Saturday, November 27

Nasal swabs at Auckland border will delay deliveries: truck drivers


Truck drivers and other essential workers crossing the Auckland border are preparing to get nasal swabs once a week, as saliva tests are not yet available to non-border workers.

A police checkpoint in Mercer, near the Auckland-Waikato border.

A police checkpoint in Mercer, near the Auckland-Waikato border.
Photo: RNZ / Nick Monro

On Friday, the new testing regime kicks off, requiring all essential workers who come out of Auckland’s Tier 4 boundary to show a negative result from the past seven days.

However, the Health Ministry said that although the requirement to take the test begins on Friday, September 10, it will not begin to review the tests until Friday, the 17th, a full week later. this part of the new Public Health Order goes into effect.

The ministry said this allows time to “finalize arrangements” for cross-border testing.

At this stage, truckers are lining up at public test stations to get nasal swabs, which they say is delaying deliveries.

The saliva test is as accurate as a nasal swab, a University of Victoria study found. Anyone can take it at home anytime, in just one minute, and then send it in for processing as a standard nasopharyngeal swab.

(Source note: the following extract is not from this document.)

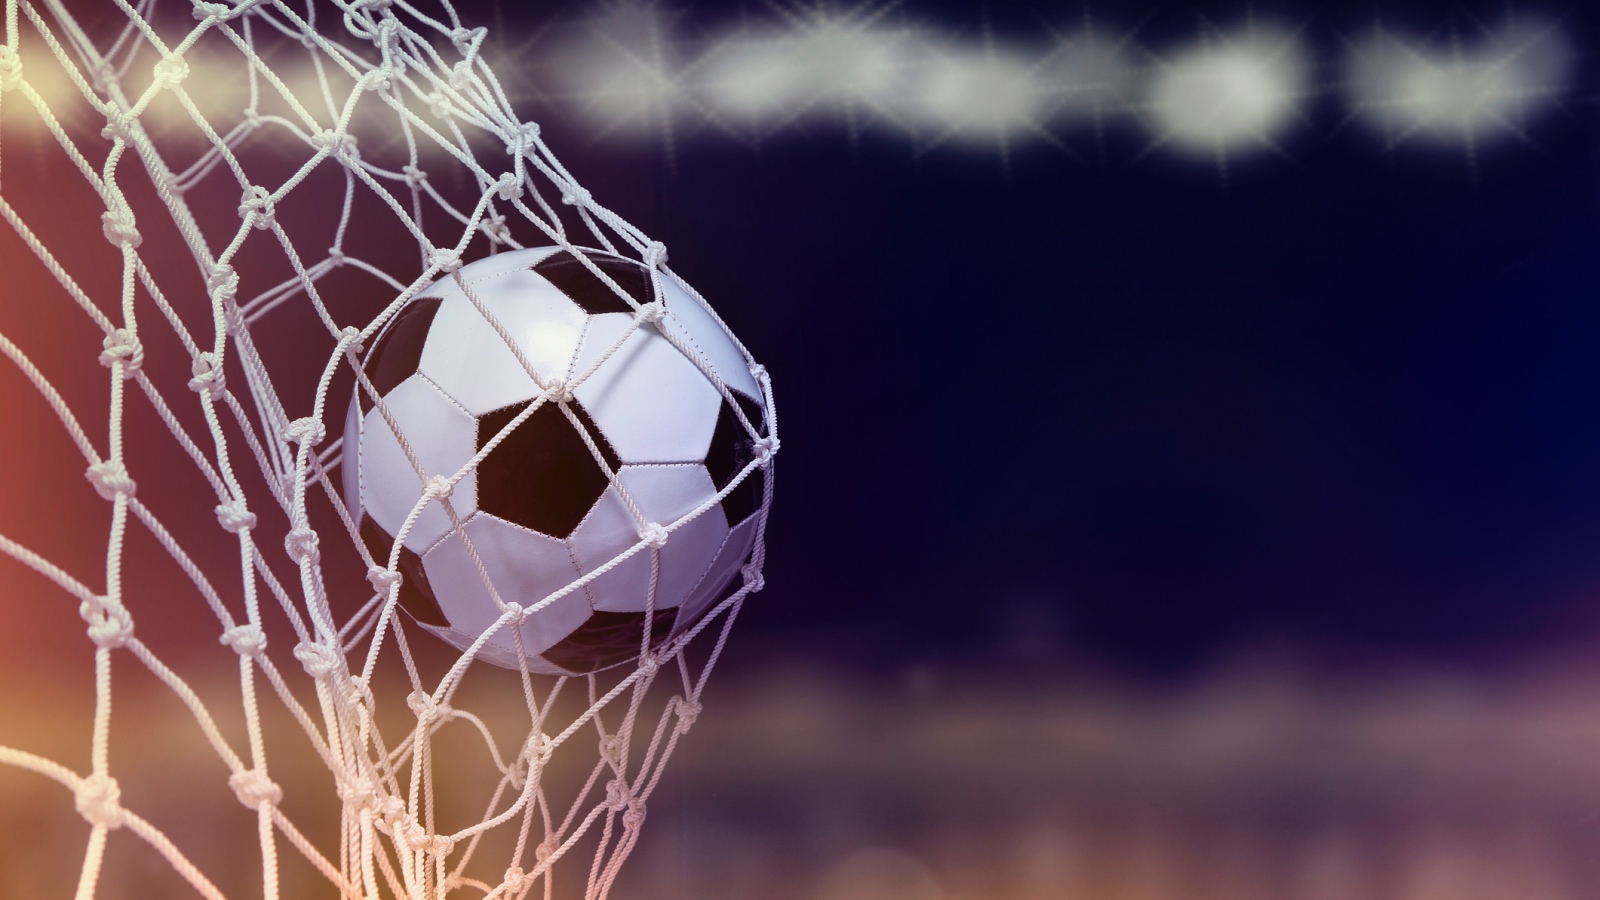 soccer ball going into a net
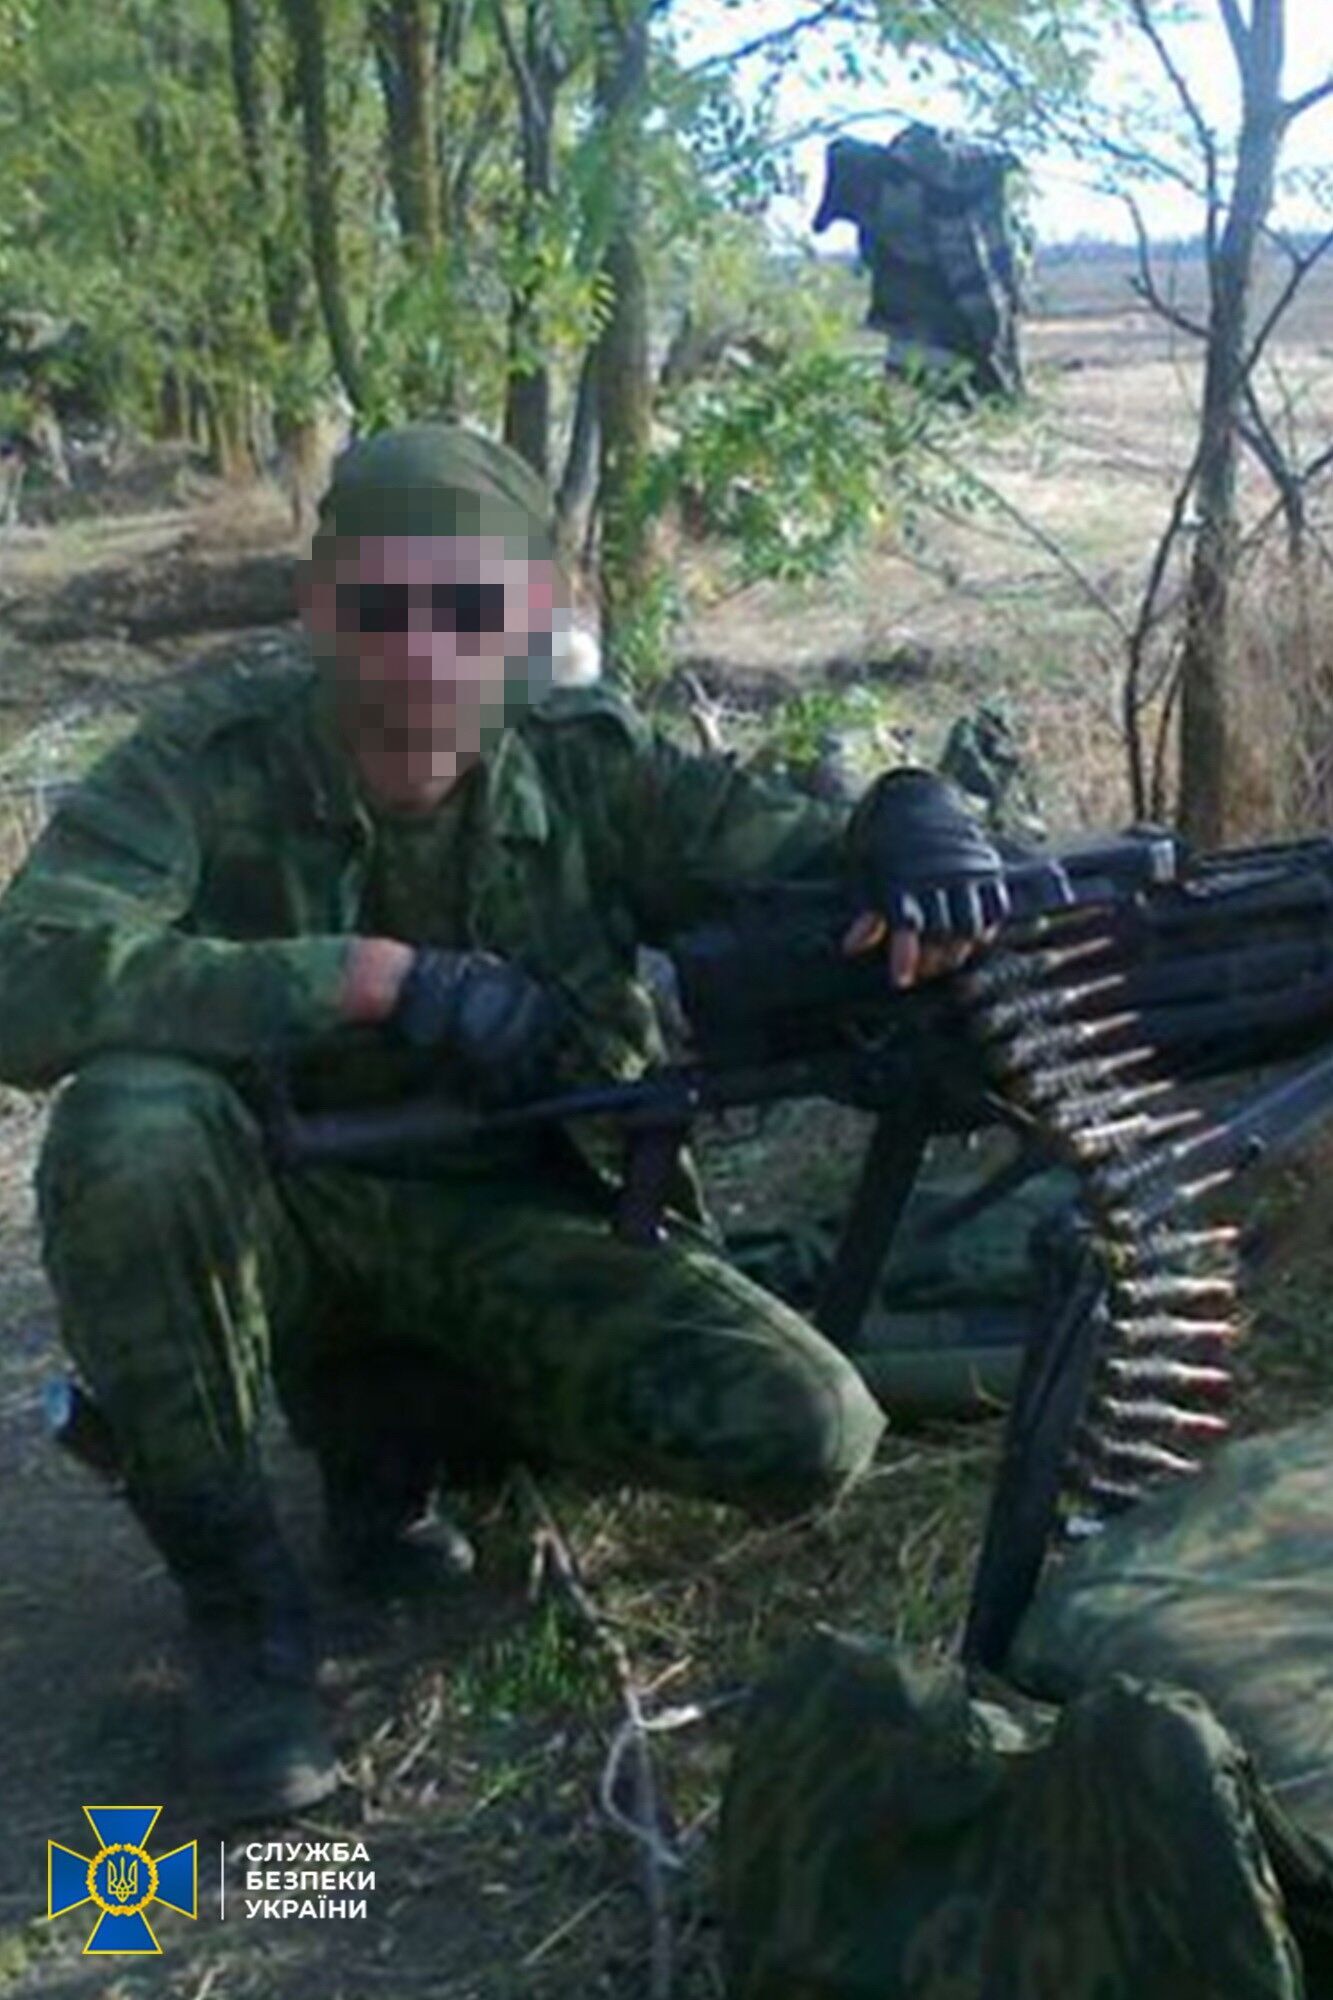 Украинец присоединился к террористам в 2014 году

Nick Leggett from the Road Transport Forum said the inability at this stage to use saliva testing will slow down the entire supply chain because it requires them to visit a testing center.

“Yesterday we had a truck driver in Auckland who was waiting more than two hours for a test. That comes down to his legal driving hours. If we do that to too many drivers, we are going to delay the delivery of the cargo.”

The ministry said it is “finalizing a contract with another saliva testing provider” for those crossing the border from level 4, but did not say when they will be available.

“We are awaiting details of that. It is unclear at this stage who will be the Ministry of Health’s preferred saliva testing agent, and how truck operators can be deployed to complete testing on their staff,” Leggett said.

Alan MacDonald of the Employers and Manufacturers Association said industry and government agencies seemed a bit surprised when the weekly testing requirement was announced.

He said there is no system in place to smoothly administer the additional tests needed.

“I heard yesterday that some truck drivers went to the test stations to get tested and were turned away because they had no symptoms. I think this is an example of having an idea and trying to implement policies on the fly without having the process behind it. him and after having thought about how it is really going to work. “

He said the agencies have told them they will smooth the process before the requirements go into effect. He believes that it is unlikely that it will be before Friday and that the implementation of the requirement could be delayed.

MacDonald said an en route saliva test station is the logical setup.

“For the border, some kind of dedicated or established border checkpoint, not right at the border because that would slow everything down, but somewhere on both sides where someone can drive, drip into the tube, bag and tag it, and keep driving. , so there is minimal delay. “

He says there are at least 4,000 truck drivers using the southern border a day and other retail workers crossing the border.